* What you will do *
In the records that follow, find the line with "ALPX - image 3"; from there, retype every line exactly through the line with "Univex IT Series", which also belongs to the answer.

* Available records *
▼

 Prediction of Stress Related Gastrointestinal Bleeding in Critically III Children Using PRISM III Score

▲
▼

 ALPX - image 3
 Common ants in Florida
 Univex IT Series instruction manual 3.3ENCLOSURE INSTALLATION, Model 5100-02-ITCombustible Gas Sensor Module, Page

▲

* Written reply *
 ALPX - image 3
 Common ants in Florida
 Univex IT Series instruction manual 3.3ENCLOSURE INSTALLATION, Model 5100-02-ITCombustible Gas Sensor Module, Page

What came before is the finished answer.